With the outbreak of the news at 11 a.m., conservatives were deeply saddened and many on the left were delighted and celebrated his passing with glee.
Regardless if you were someone who was a valiant 30-plus-year listener or you abhorred every word he said, one thing was certain - Rush was insightful about politics. Throughout his entire radio career, he seemed to always have a knack at predicting what politicians on both sides of the aisle were thinking and their plots and plans for the future. He was gifted at analyzing the heart and soul of Washington and was continually a step ahead, explaining what was going to happen before the maneuvers were even made.
His prophetic-like predictions made him right, in his own words, "98.8 percent of the time." He would often explain a complicated issue in great detail and would then predict what was going to happen. If he ever followed through with the phrase "don't doubt me on this," his listeners knew it was a certainty as sure as Noah knew a flood was coming.
As a journalist, I can't help but be amazed at what he accomplished. While I did not always agree with his views on different issues, the fact is he totally changed the radio news talk format and, according to many, saved the AM radio band.

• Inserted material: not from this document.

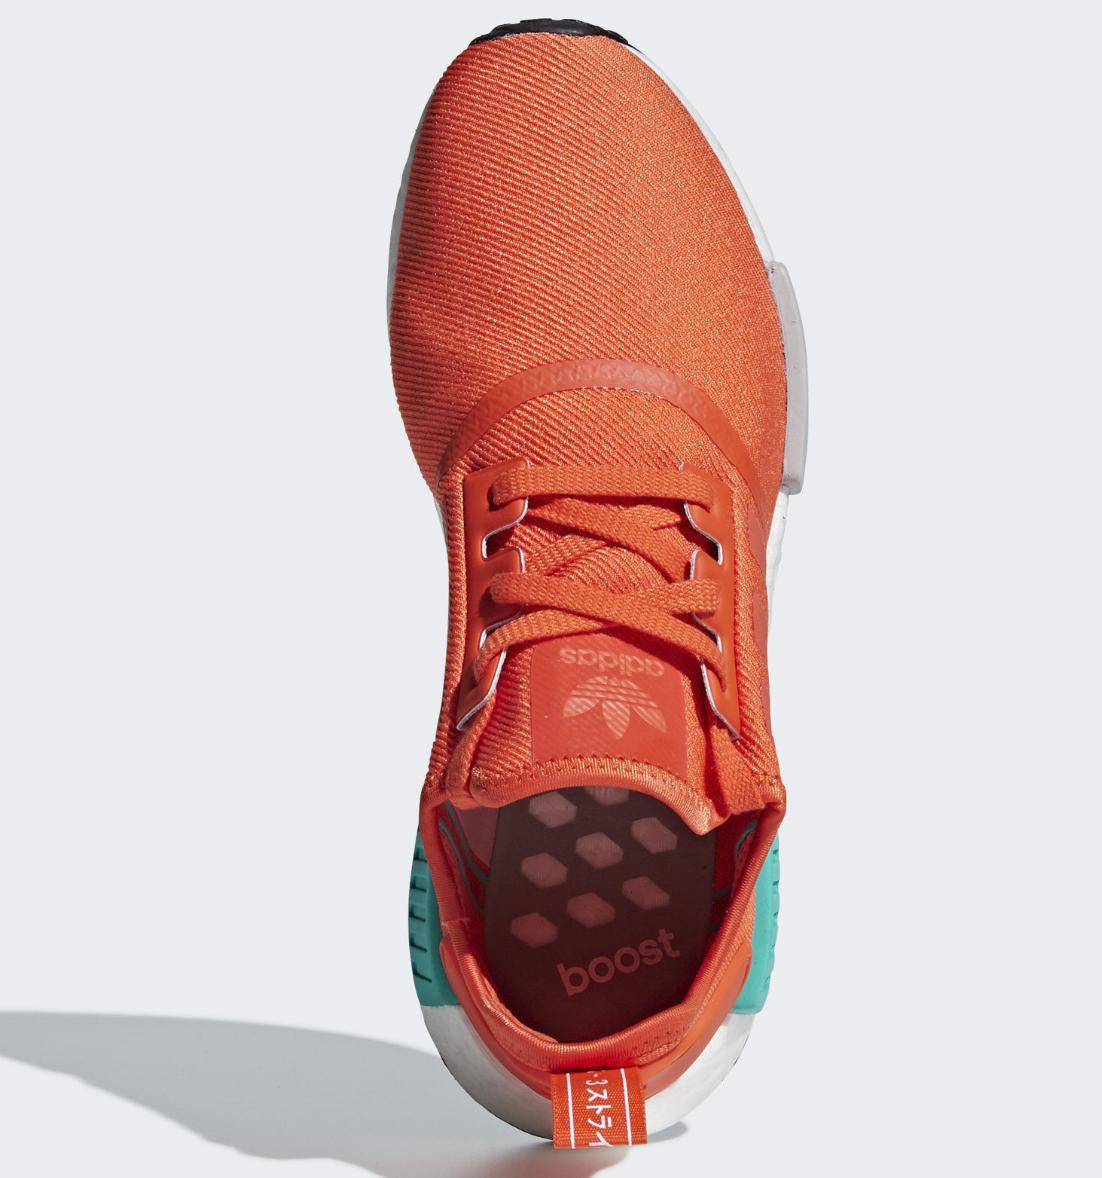 3双!US8码起尺码全,adidas阿迪达斯 NMD_R1 男士运动鞋 115美元约¥795(天猫1199元/件) 买手党-买手聚集的地方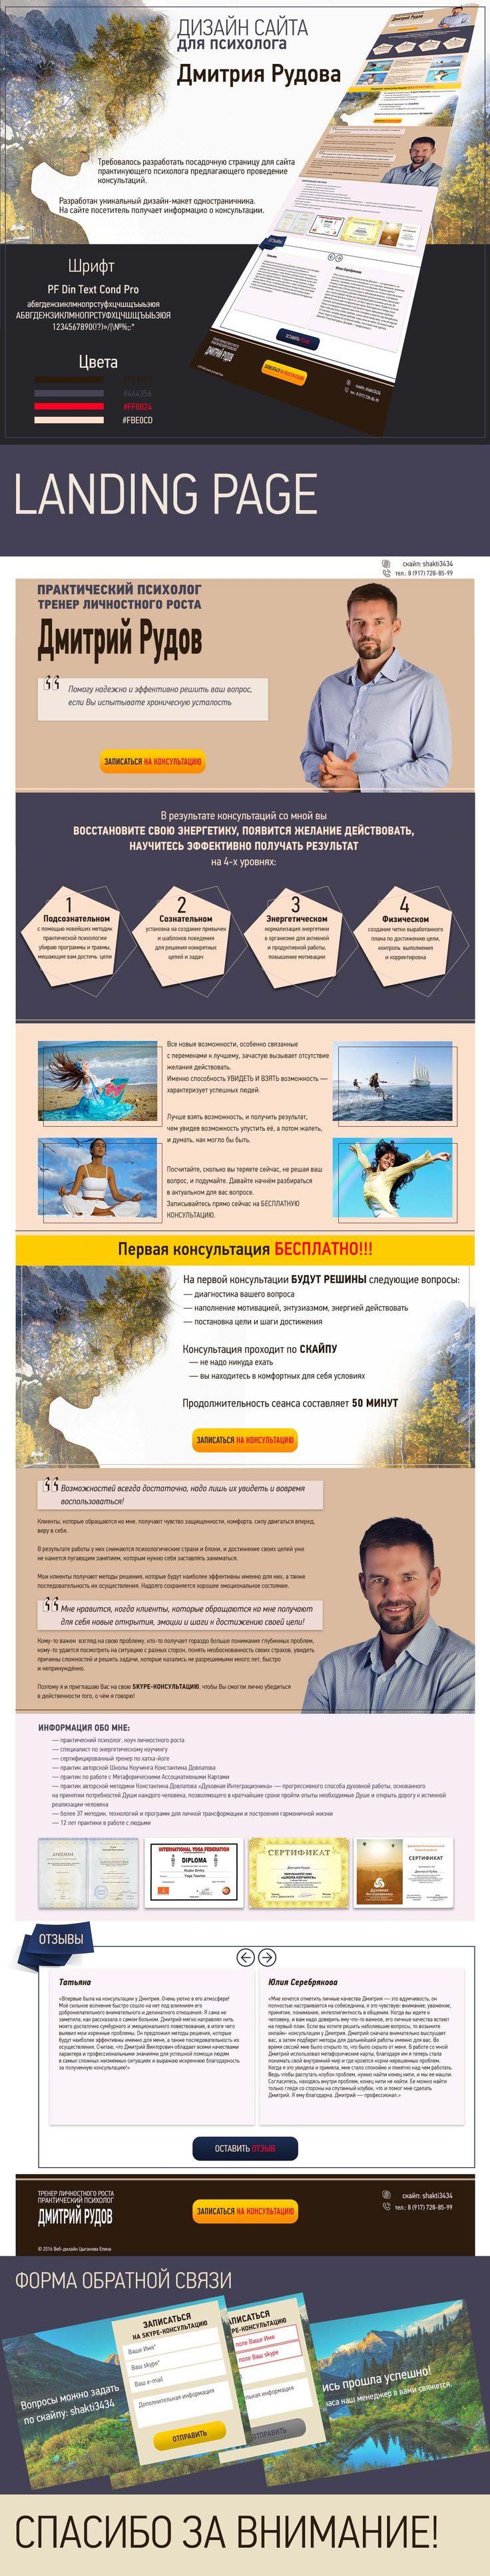 Веб-дизайн - Landing Page для психолога — Работа №2 — Портфолио фрилансера Елена Цыганова (ElenaTsyganova)

To understand how Rush was able to accomplish this feat, it is important to first understand some history of the media. In the time of what conservatives call B.R (Before Rush), there wasn't a strong conservative voice in broadcast media. Then, in 1987, the FCC did away with the Fairness Doctrine, which was a rule that required anyone with a broadcast license to present the news in a seemingly fair and "balanced" way. However, conservatives of the day merely viewed it as a way for liberal media moguls to continue to dominate the airwaves with leftist views while having a sporadic bit of conservative commentary thrown into the mix.
The doing away with the Fairness Doctrine opened the door for conservatives to finally have a share of the broadcast airtime. Enter Rush Limbaugh.
The host came in on the static of the all-but-dead AM dial, which of itself was an act of resistance to the dominant liberal media networks. He was irreverent yet funny, and contrary to the thoughts of his opponents, he was insightful. He reached an audience that was getting forgotten with the coming in of the '90s, and conservatives had found a champion. His fighting attitude was motivational to those on the right.
Even though he was hated by the left and the vast majority of the media anchors and hosts (referred to by Rush as the "drive-bys"), they had to admit that he was indeed the leader of talk radio and of the conservative movement. Very rarely would a day go by without the insights of Rush Limbaugh being reported on by those very "drive-bys" that loathed every word he said.
The fact is, they, too, listened to get insights on the conservative thoughts and viewpoints and gauged the political winds of conservatism through his words. For that reason, liberals are going to miss the words of Rush almost as much as his conservative listeners. Rest in peace, Rush. You can now return the talent on loan back to God.
Randy Gibson is the CEO of RDG Communications Group, LLC, and the former director of the Tahlequah Area Chamber of Commerce and the Texas State Rifle Association.